I was fortunate enough to find a mentor in Sandie Bricker, my managing editor at Bling! Sandie has worked in all aspects of publishing over the last decade or so—from writing to promotions to editorial—and so she has been able to help me develop a concentrated approach to bulking up the specific skills I can take with me into a growth track for a career I once thought I could only dream about. Because she also has experience through Corporate America—or “The Other Life,” as she calls it—in creating internship programs of this kind, I am fortunate enough to be able to work alongside her as she puts one together for LPC as a whole.

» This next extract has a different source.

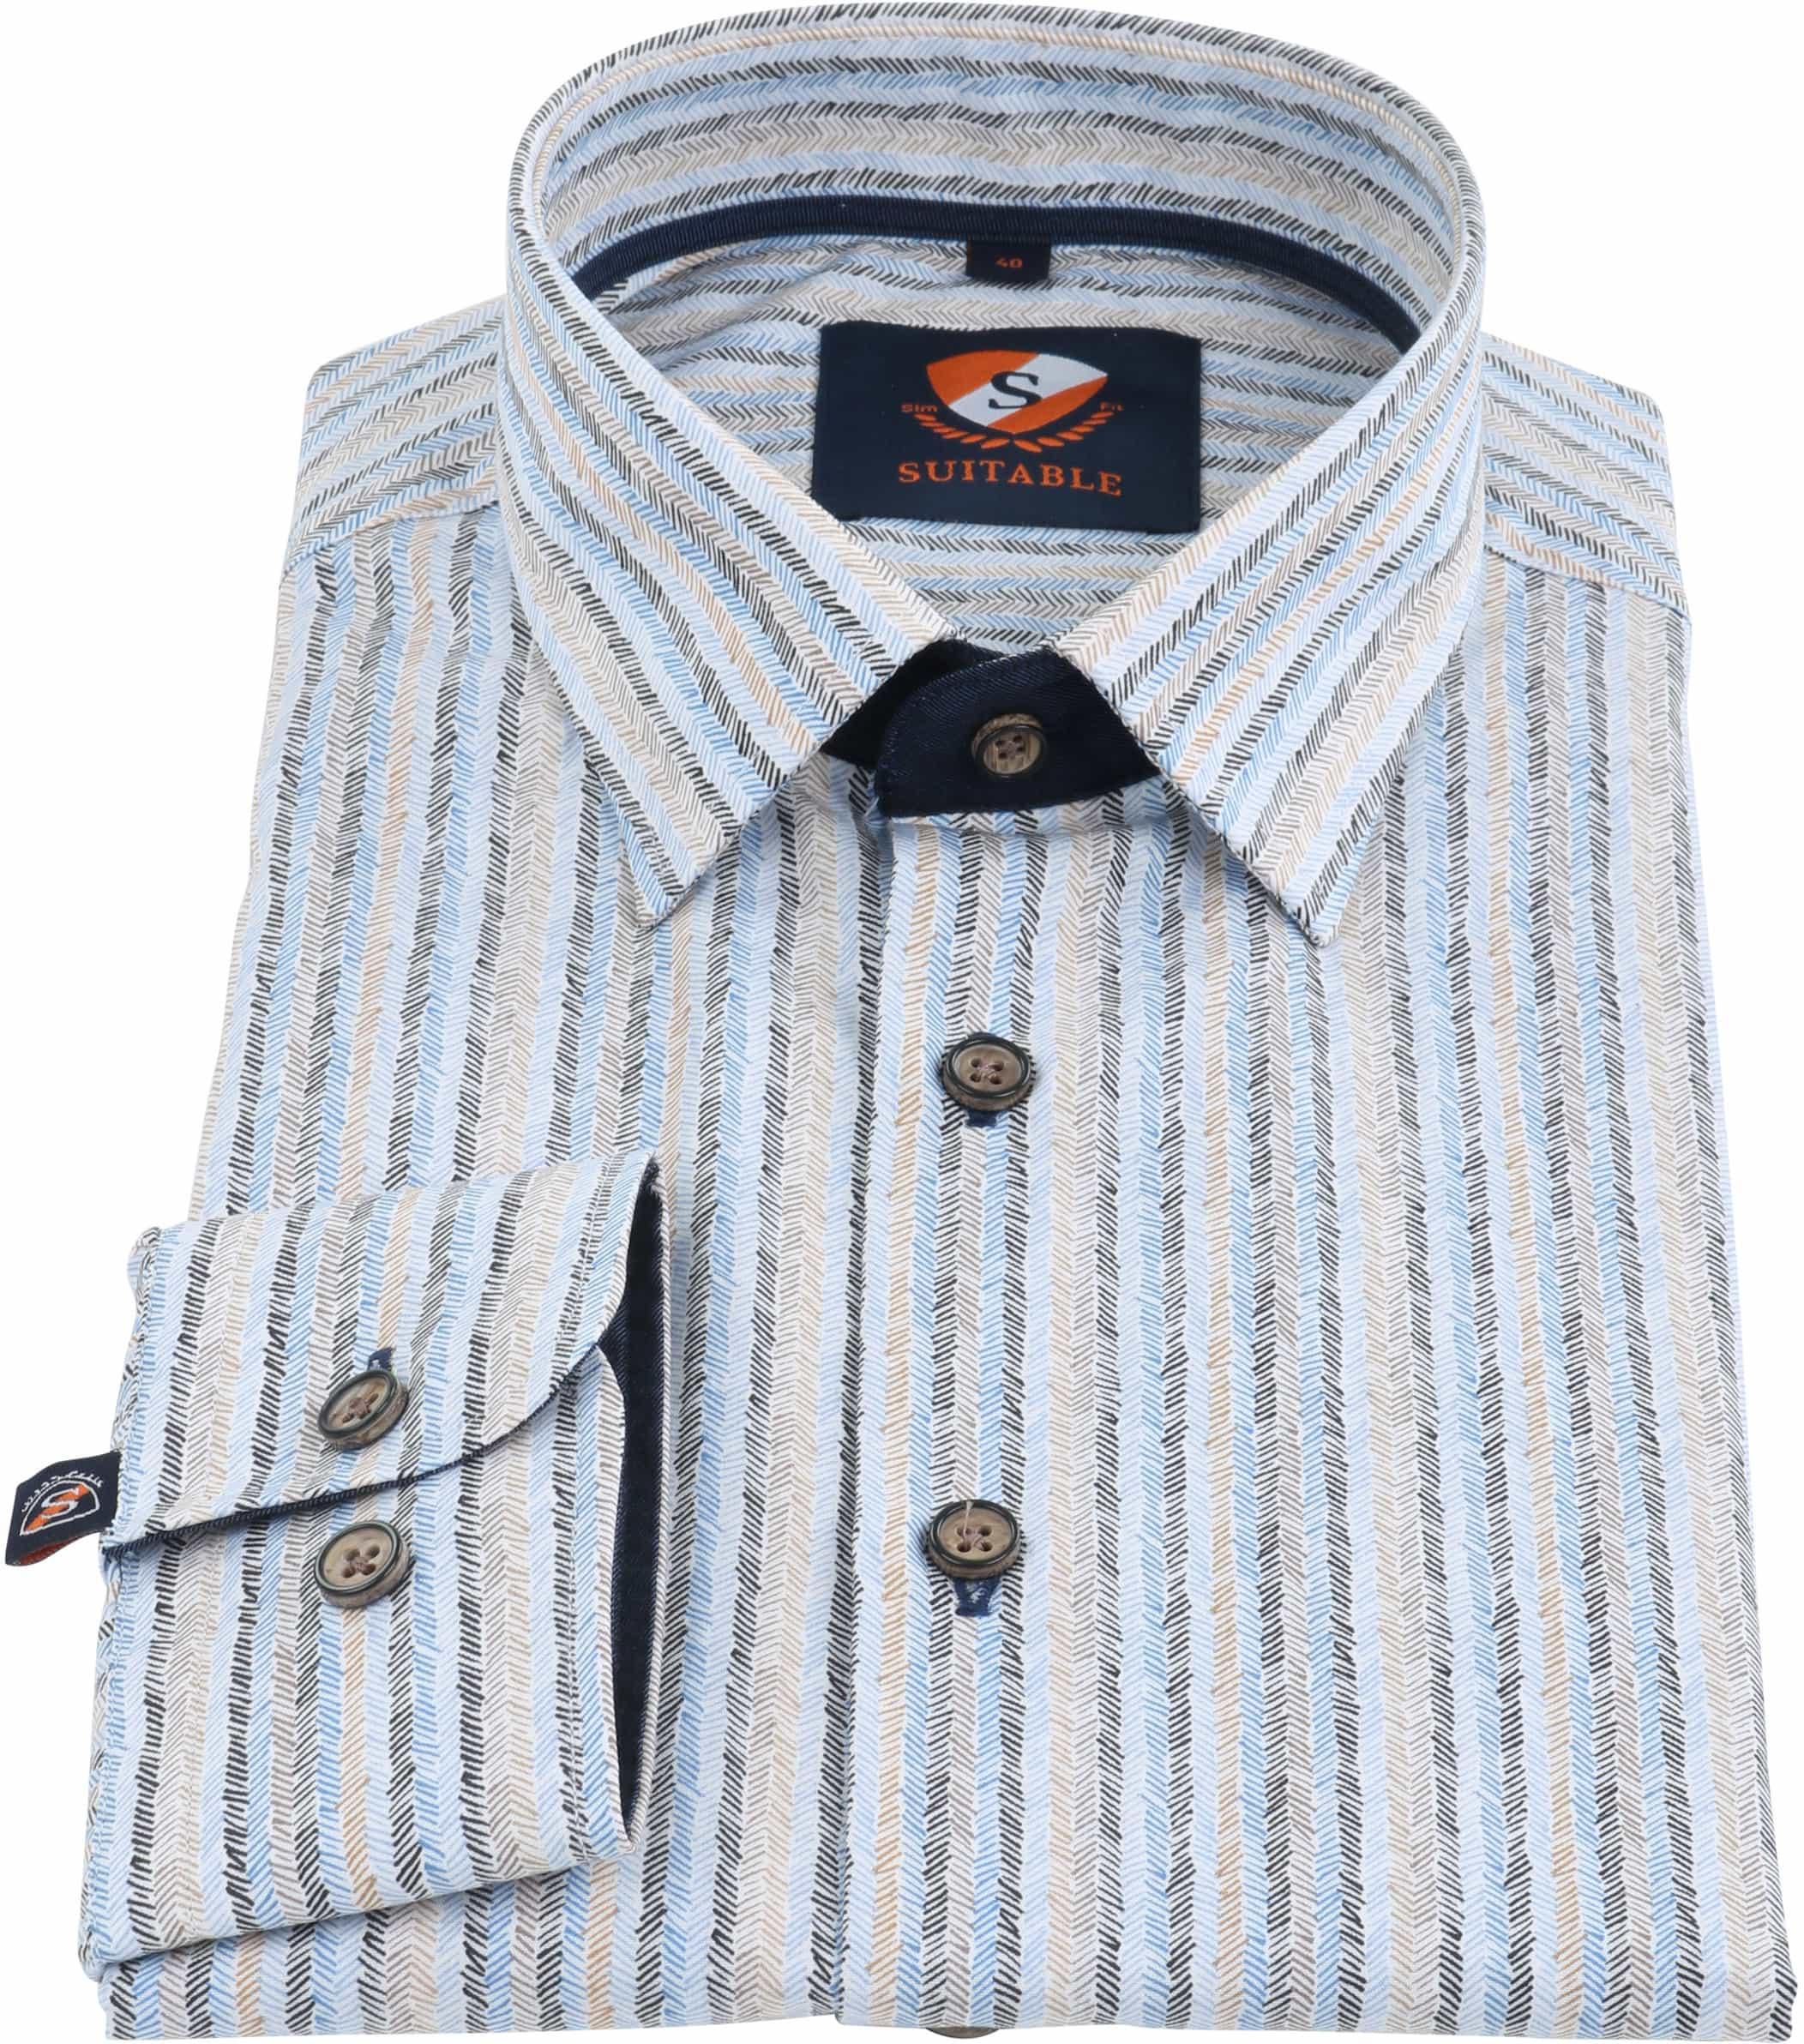 Suitable Overhemd Herring Print HBD foto 1

If you love reading, value authors, see the beauty in Christian books—both fiction and non-fiction—and have your eye on a prize far beyond your current situation and/or day job, we would love to talk to you about the idea of interning to develop skills you can add to your future resume. There are editors and production teams within LPC that might be a good fit for you to learn the skills and experience you don’t currently have. Feel free to contact me at MarisaBlingLPC@gmail.com so we can discuss it further.

About the writer:

Marisa Deshaies can be summed up in one simple phrase: her life is a way with words. After earning a BA and MA in professional writing, she tailored her professional aspirations to fiction editing and book reviewing. Her favorite genres to read, review, and edit are contemporary and historical inspirational fiction, romance, and literature; however, she always is searching for new authors and genres because the power of a story can never be reserved to one category. In addition to serving as a publishing assistant to the managing editor of Bling!, she is an editor for WhiteFire Publishing and Castle Gate Press. Marisa is a member of the ACFW, for which she serves as a cluster leader and a judge for the First Impressions and Carol Award contests.

3 Comments

  1. We’re blessed to have your enthusiasm and willingness to learn on the Bling! team. I’m glad you’ve found a place where your passion and purpose intersect. 🙂

  2. You’re so cool, Marisa! 🙂

  3. An inspiring tale – Marisa, you do indeed have a way with words, and your advice is thoughtful and excellent for all seeking their place in the professional world.